Глава первая. Несказочный снег
Мягко падающий в сумраке снег всегда казался Люсе сказкой, даже больше – чудом. А как по-другому? Как ещё можно назвать вертящиеся в воздухе кристаллические звёздочки? Раньше, когда Люся была совсем маленькой, она думала, что снежинки – это балерины в белых пышных юбочках, которые хотят всех заставить радоваться зиме. Но не всегда им это удавалось, ведь они такие холодные, а иногда даже колючие, недобрые. Могут и уколоть, и заставить мёрзнуть. Радоваться при этом оказывается не так просто. Но Люся не могла не признать, что снег всё же очень красивый. Так и получилось, что при всей своей любви к лету Люся очень увлеклась снегом. Вроде бы и не хотела она зимы, но когда та приходила, всё же радовалась ей – и всё из-за снега, благодаря которому зима превращалась в волшебство. Зима будто сама подталкивала Люсю к придумыванию снежных историй, что она и всегда делала.
С каждой новой зимой Люся придумывала всё новые и новые снежно-ледяные сказки, и это занятие помогало ей пережить тянущиеся зимние месяцы. Она уже привыкла к этому, и каждую зиму сочиняла новый том сказок.
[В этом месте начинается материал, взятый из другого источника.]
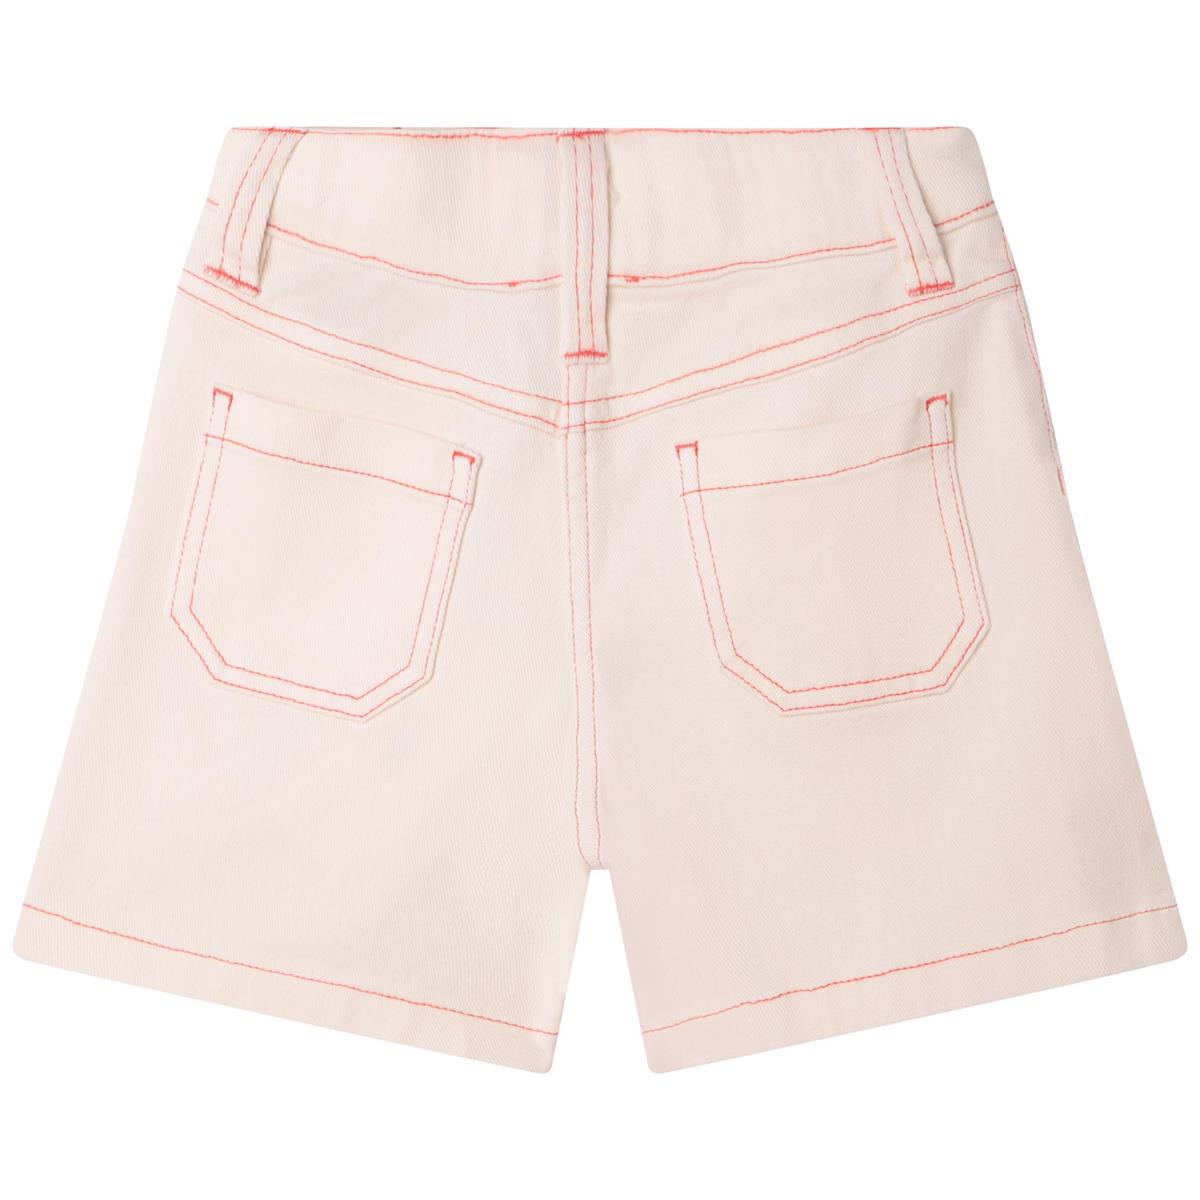 Girls Light Pink Shorts

Это стало обычным делом.
Так было всегда, но только не сейчас, в Ленинграде 1943 года. Теперь Люсе не сочинялось. Всё поменялось. Никакого чуда больше не было, вся красота куда-то пропала. Город – всегда красивый и зимой и летом, стал совсем другим. Но жизнь сделалась такой тяжёлой, что это уже не тяготило. Найти бы поесть…
Странно, но глаз привык к уродливым заграждениям, к зависшим над городом аэростатам, которые защищали от вражеской бомбёжки сверху. Стала привычной маскировка памятников, достопримечательностей, которые прятали от глаз фашистов. Но ведь и ленинградцы их не видели – вот в чём беда! Вот это поначалу очень волновало Люсю. Она боялась, что люди могут забыть о памятниках и о том, каким на самом деле был города. Люся всегда хотела, чтобы кругом была красота: здания, памятники, картины. Но так было только в начале блокады. А потом пришло равнодушие. Наверное, она стала, как все. И такие вещи как летящий снег, звёзды, тучка на небе, как и закрытые памятники, перестали привлекать к себе внимание.
Упрекать кого-то в этом было трудно. Люди, изведённые голодом, постоянными бомбёжками, тяжёлой работой, холодом, как будто позабыли о настоящей жизни, о красоте. Не до того было. Вот и Люся сейчас не обращала внимания на красивый и искрящийся снег, потому что не до него было, если говорить честно. Скоро комендантский час и надо успеть добраться до темноты. Плохо придётся, если окажешься на улице в момент комендантского часа. Но сил нет совсем. И голова кружится.
Люся остановилась и огляделась вокруг. Не потому, что её что-то заинтересовало, а для того, чтобы хоть как-то отвлечься. На первый взгляд улицы города кажутся выстывшими, лишёнными всякой жизни. Но если напрячься, постараться отогнать пелену, которая окутывает не только глаза, но и мысли, и душу, можно заметить слабые движения жизни. Вот идёт старушка с бидоном в руке. Она идёт медленно, часто останавливаясь и вздыхая, но всё же идёт. Проходит отмеренный для этого промежуток времени, и она исчезает в тёмной арке. Просвет в арке, вычерчивающийся туманным прямоугольником, кажется Люсе проекцией из светильника, который светит сюда из какого-то другого мира. Этот свет нужен, чтобы не потерять надежду. Люся долго ещё не может отвести глаз от арки. От этого занятия её отвлекает появившаяся здесь молодая женщина в огромных валенках. Она полностью сосредоточена на дороге, но несмотря на это, замечает Люсю.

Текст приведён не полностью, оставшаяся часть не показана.